Enter your kluster.ai API key: ··········


In [None]:
from bespokelabs import curator

llm = curator.LLM(
    model_name="klusterai/Meta-Llama-3.1-8B-Instruct-Turbo",
    batch=True,
    backend_params={"api_key": api_key, "completion_window": "1h"})

## Get the data

This notebook includes a preloaded sample dataset derived from the Top 1000 IMDb Movies dataset. It contains movie descriptions ready for classification. No additional setup is needed—simply proceed to the next steps to begin working with this data.

In [None]:
movies = ["Breakfast at Tiffany's: A young New York socialite becomes interested in a young man who has moved into her apartment building, but her past threatens to get in the way.",
        "Giant: Sprawling epic covering the life of a Texas cattle rancher and his family and associates.",
        "From Here to Eternity: In Hawaii in 1941, a private is cruelly punished for not boxing on his unit's team, while his captain's wife and second-in-command are falling in love.",
        "Lifeboat: Several survivors of a torpedoed merchant ship in World War II find themselves in the same lifeboat with one of the crew members of the U-boat that sank their ship.",
        "The 39 Steps: A man in London tries to help a counter-espionage Agent. But when the Agent is killed, and the man stands accused, he must go on the run to save himself and stop a spy ring which is trying to steal top secret information."]

In [None]:
prompts = [f"Classify the main genre of the given movie description based on the following genres(Respond with only the genre): “Action”, “Adventure”, “Comedy”, “Crime”, “Documentary”, “Drama”, “Fantasy”, “Horror”, “Romance”, “Sci-Fi”.\n{movie}" for movie in movies]

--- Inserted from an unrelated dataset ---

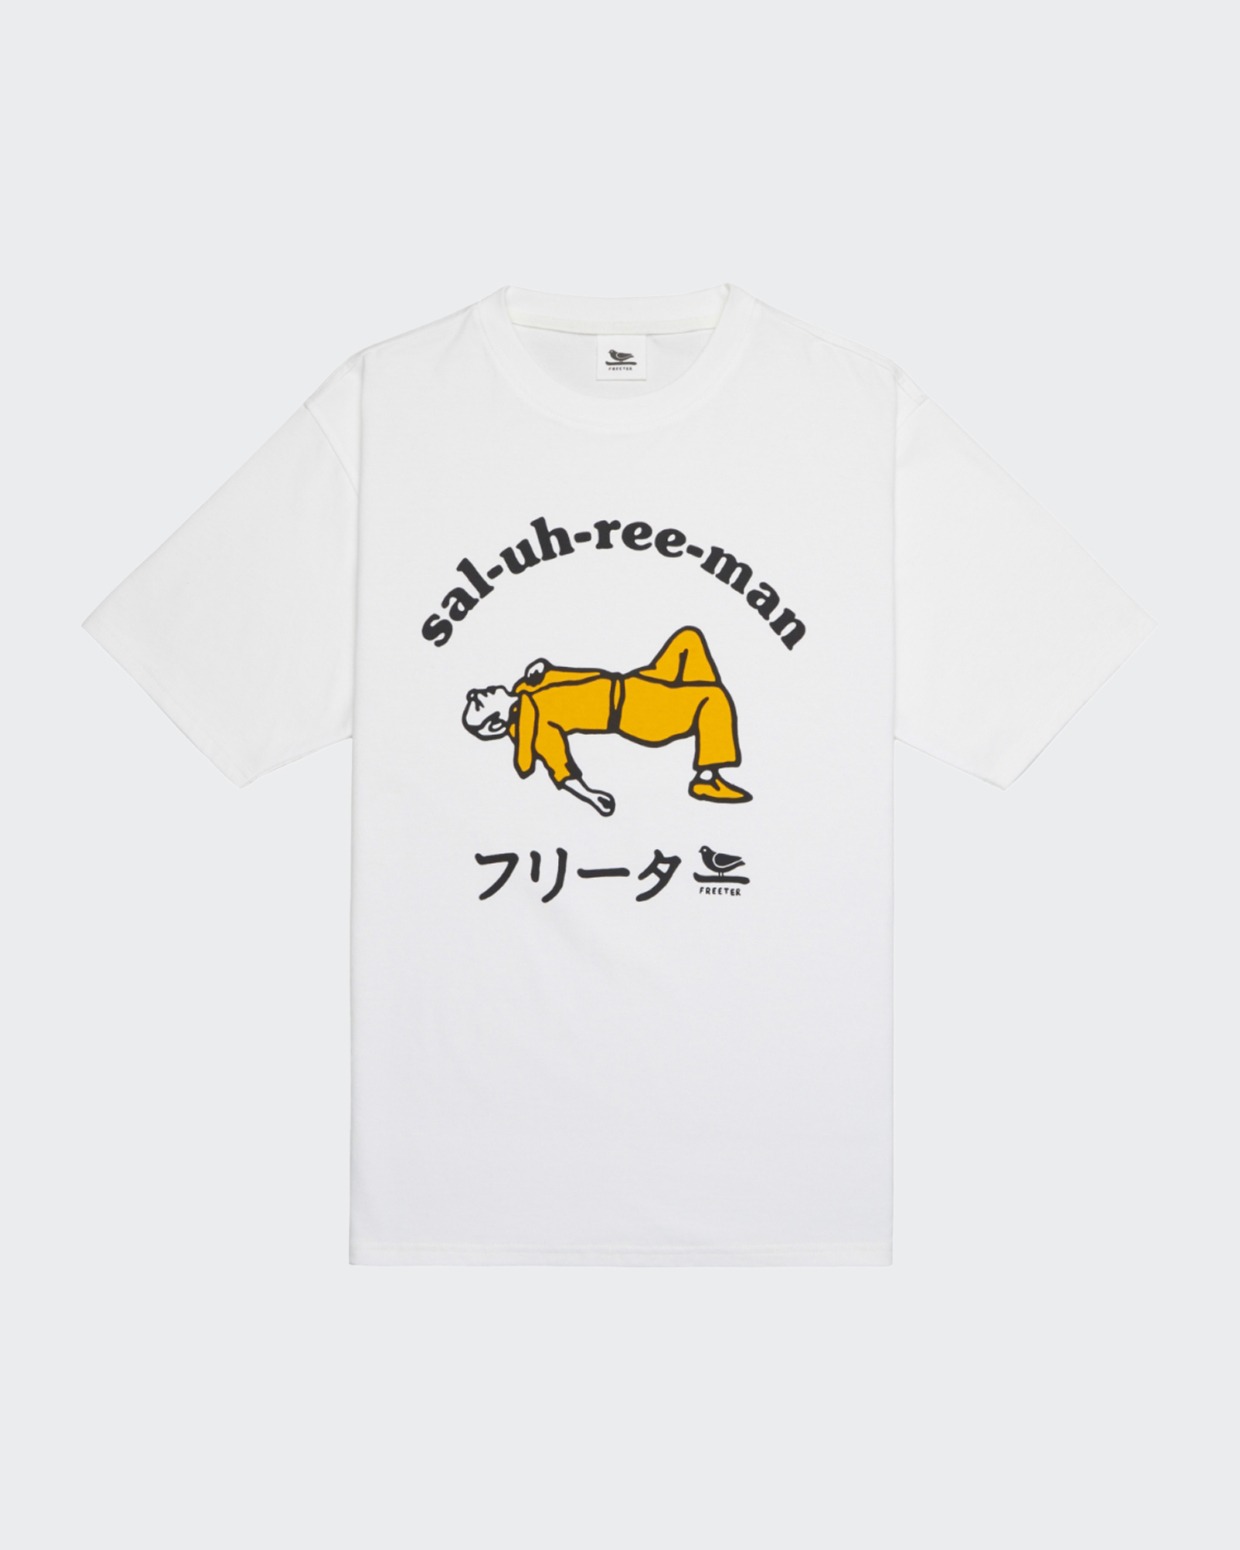 Freeter Studio Sal-uh-ree-man T-Shirt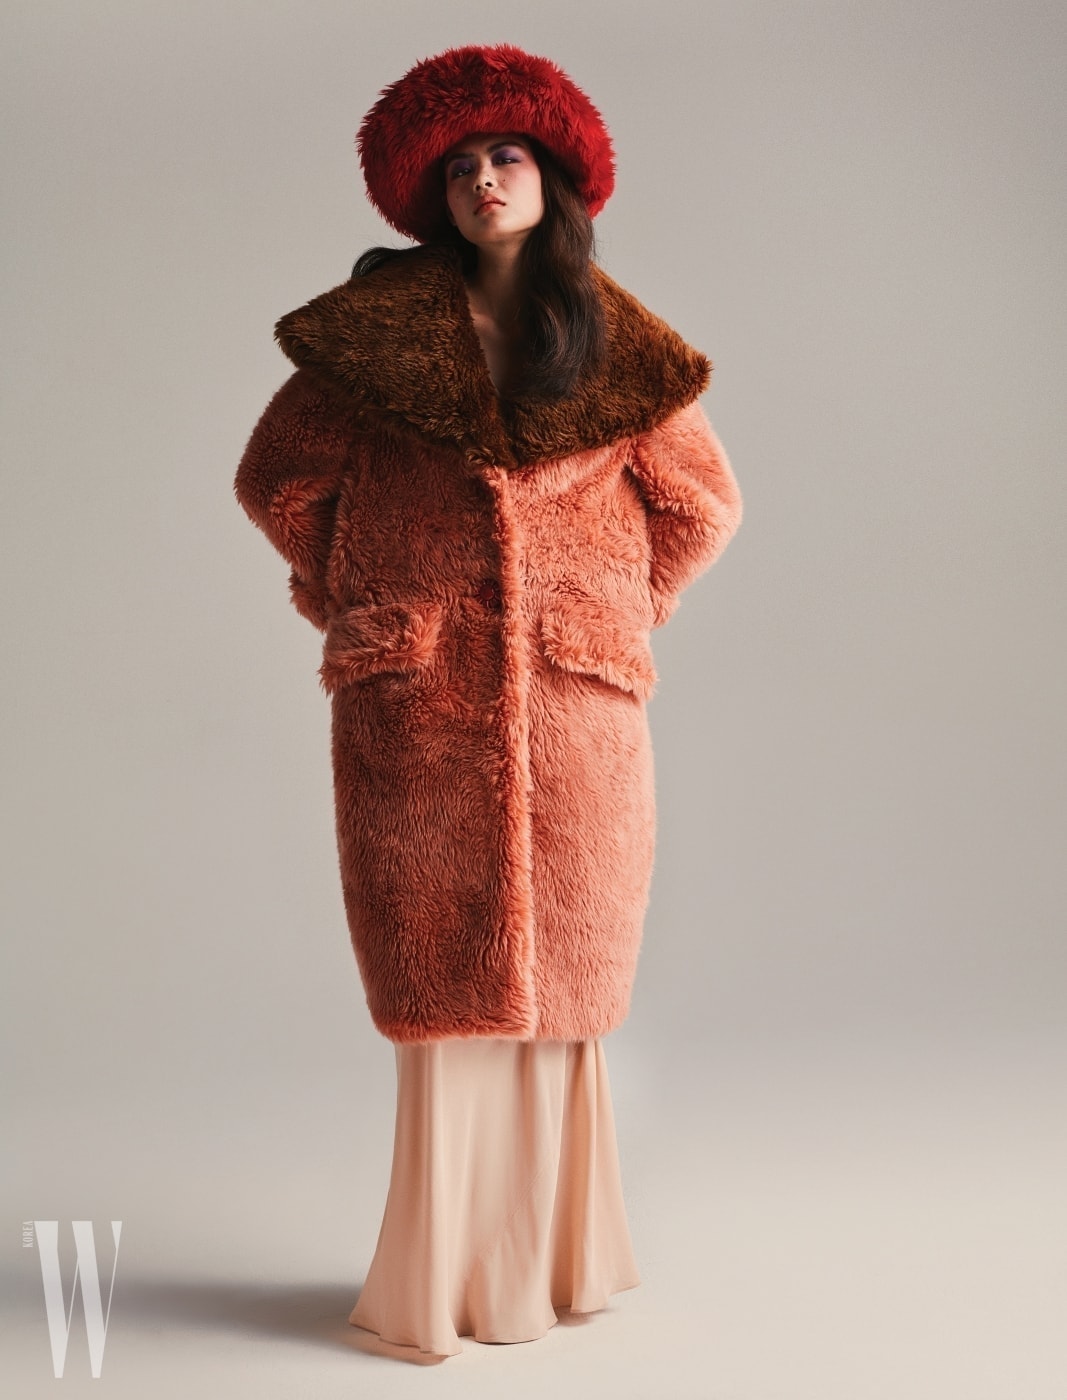 페이크 퍼 모자와 코트, 살구색 드레스는 미우미우 제품.

## Batch inference with Curator

To execute the inference job, we’ll follow three straightforward steps:
1. **Create the inference file -** we’ll generate a file with the desired requests to be processed by the model.
2. **Upload the inference file -** once the file is ready, we’ll upload it to the kluster.ai platform using the API, where it will be queued for processing.
3. **Start the job -** after the file is uploaded, we’ll initiate the job to process the uploaded data.

Everything is set up for you – just run the cells below to watch it all come together!

**This is all handled automatically by Curator**

In [None]:
responses = llm(prompts)

In [None]:
responses['response']

['Drama', 'Drama', 'Drama', 'Drama', 'Action/Adventure']

## Conclusion

You’ve successfully completed the classification request using the kluster.ai Batch API! This process showcases how you can efficiently handle and classify large amounts of data with ease. The Batch API empowers you to scale your workflows seamlessly, making it an invaluable tool for processing extensive datasets.